# 6/24 Pensacola Report



## rauber (Oct 10, 2007)

we left harbor view marine 6 am on frenchy's boat blueprint. weather was beautiful and we hit the first bottom spots around 0830. drifted our numbers and worked our way from the southwest edge to the northeast. after catching some mingos a just legal aj, a couple of nice kings, a scamp and a 5 ft bull shark we decided to try some 300 plus feet spots. i stopped butterfly jigging because every drop resulted in a king hookup and the risk of losing the jig. on the way there we spotted some bobos and i hooked one on a popper. just when i got him close to the boat a 6+ ft hammerhead shark came from under the boat and ate my bobo. i could resist and snagged the shark with the lose popper. 30 sec later the shark got some nice jewelery. first deep spot taylor caught the first on the tilefish. we decided to switch to cut bobo and we ended up with 8 golden tilefish, a scamp and a ?bigeye?.



















Onthe way back i got a nice gag on one of those cheap gbbt "butterflyjigs" and some more mingos and porgies.
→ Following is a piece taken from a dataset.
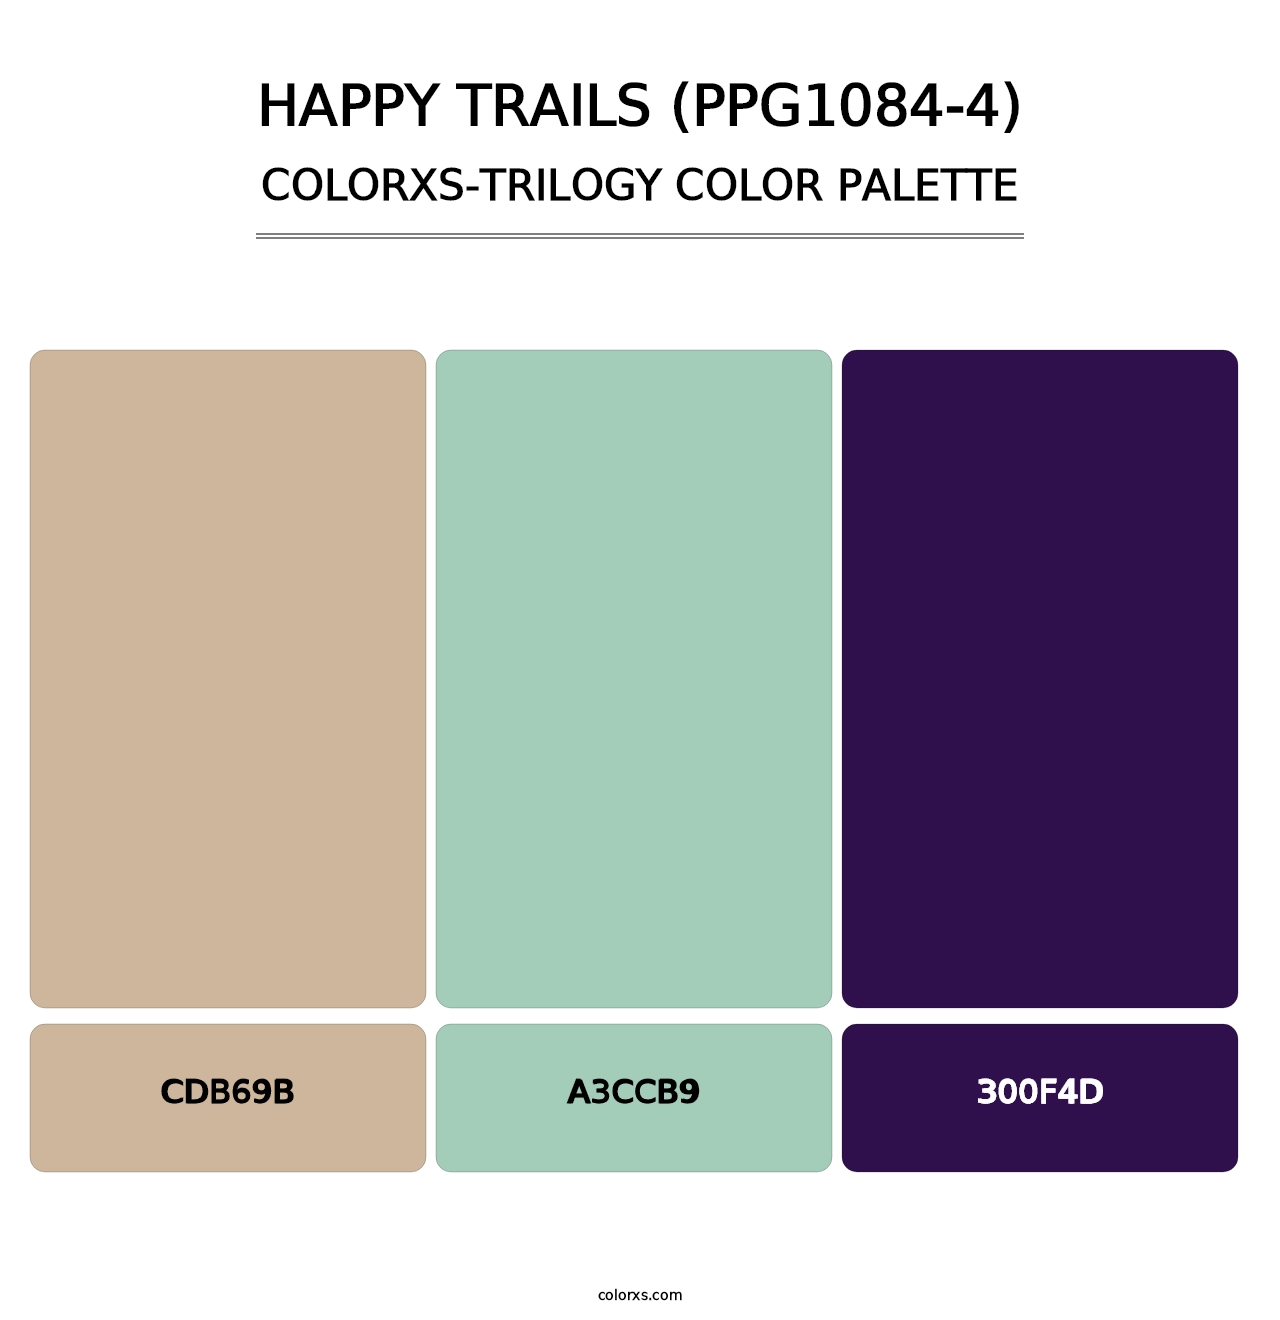 Happy Trails (PPG1084-4) - Colorxs Trilogy Palette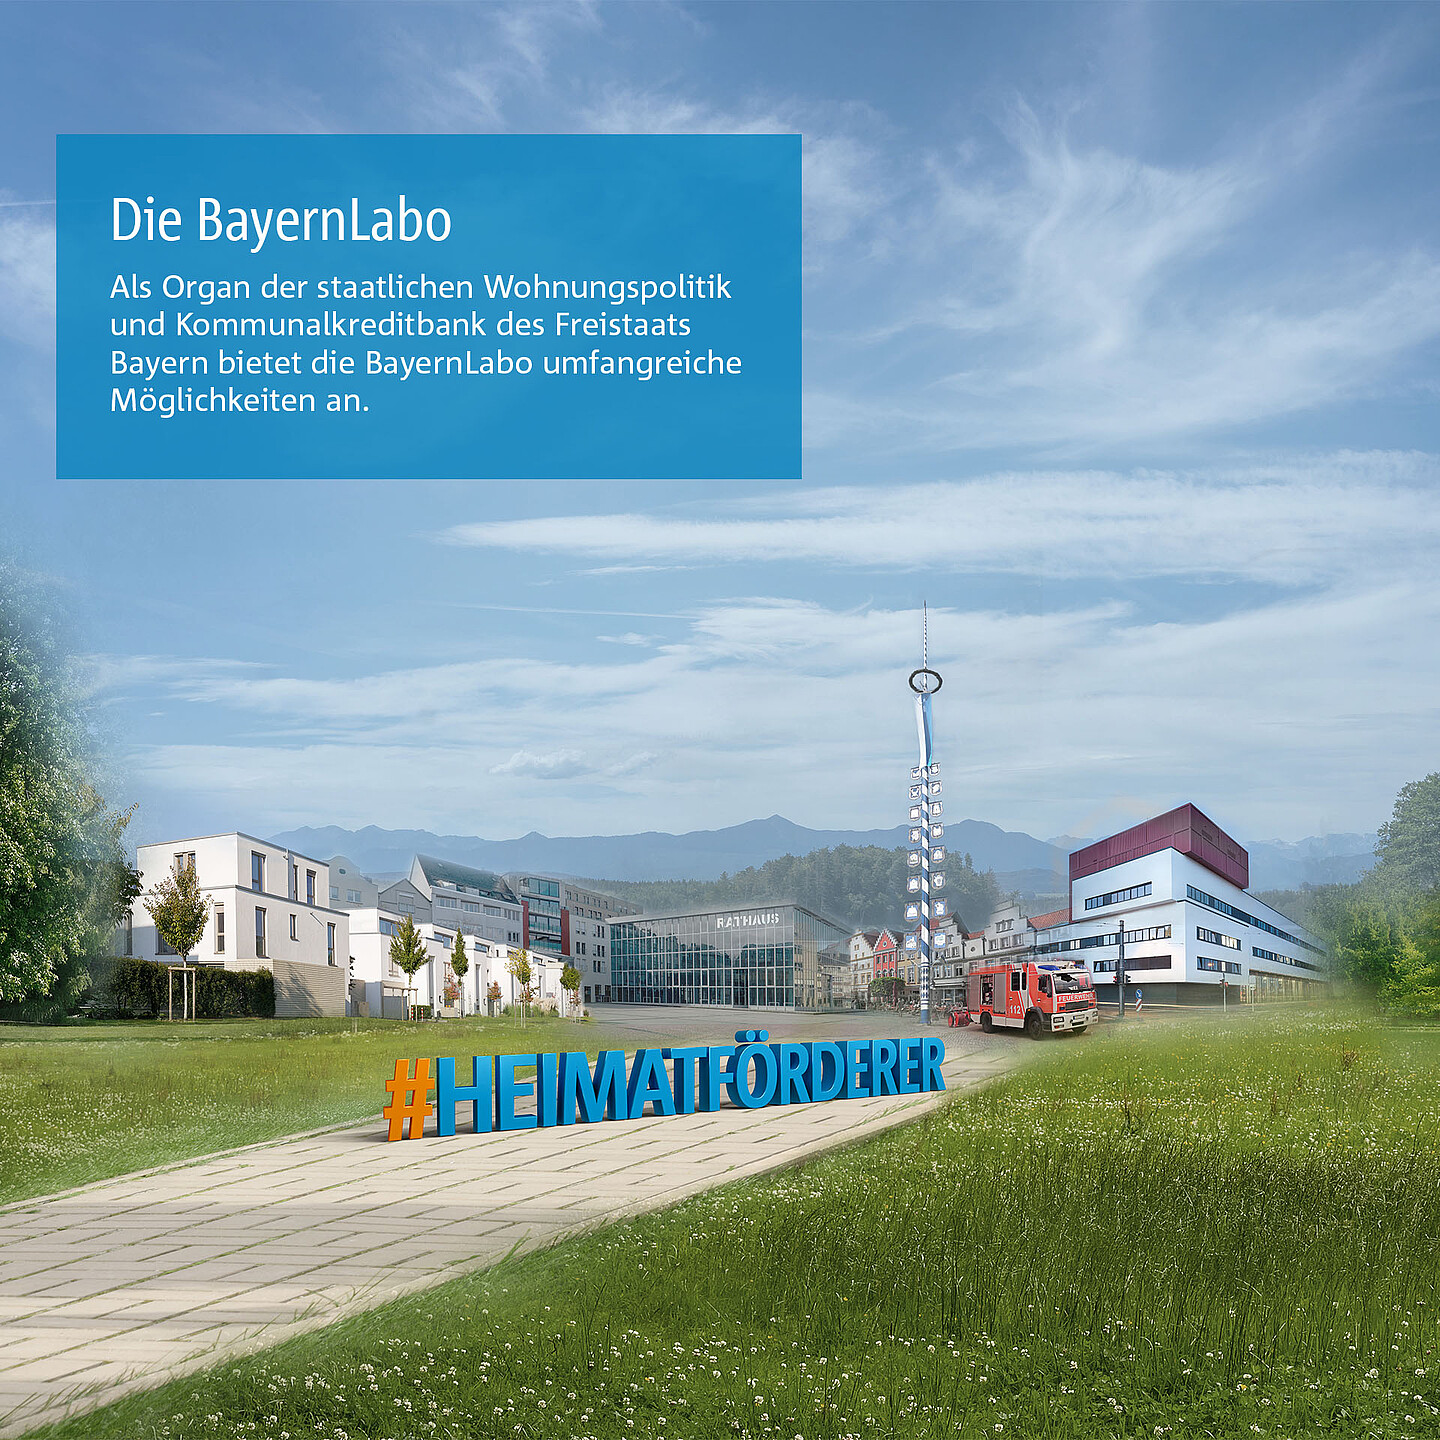 Umfangreiche Möglichekeiten der BayernLabo als Organ der staatlichen Wohnungspolitik.

Emanuel got one of two chicken mahis. on the way home we tried to get some red snappers but i think the are already extinct. so we arrived home around 1900. it was a great trip with really nice people and a good catch.










fergie


----------



## bluffman2 (Nov 22, 2007)

nice report and it was nice meeting the blueprint crew at the dockat the bill hargeaves tourney...


----------



## [email protected] (Oct 4, 2007)

way to go guys. hate i missed going this trip. at least i know where i left my gut bucket..:bowdown


----------



## mpmorr (Oct 3, 2007)

Great report, that looks like a heck of a day to be out there.:clap


----------



## Get'n Wade (Oct 28, 2007)

Thas a nice mess of fish!:bowdown


----------



## recess (Oct 8, 2007)

Nice haul of fish. I am sure a great day had by all.:bowdown:takephoto


----------



## Ocean Man (Sep 27, 2007)

Nice box of fish, congrats.


----------



## Heller High Water (Nov 1, 2007)

Those are some sweet fish. The big eye is awesome. :bowdown


----------



## bellafishing (Oct 1, 2007)

Nice work fellas!! How deep were you for the tilefish?

Bob


----------



## YakAttack (Oct 8, 2007)

Nice looking fish. You guys know catchsome of everything to keep it interesting. Looks like a great day to be on the water. :clap


----------



## jaster (Oct 7, 2007)

Sweet catch and nice report. My ? is how long will that battery hold a charge sitting on the ground? Or is it an old myth that they loose charge more rapidlywhile sitting on the ground.


----------



## rauber (Oct 10, 2007)

we were drifting in 300 feet of water, but it was still a long way to crank em all the way up....


----------



## wirenut (Sep 30, 2007)

Nice mess


----------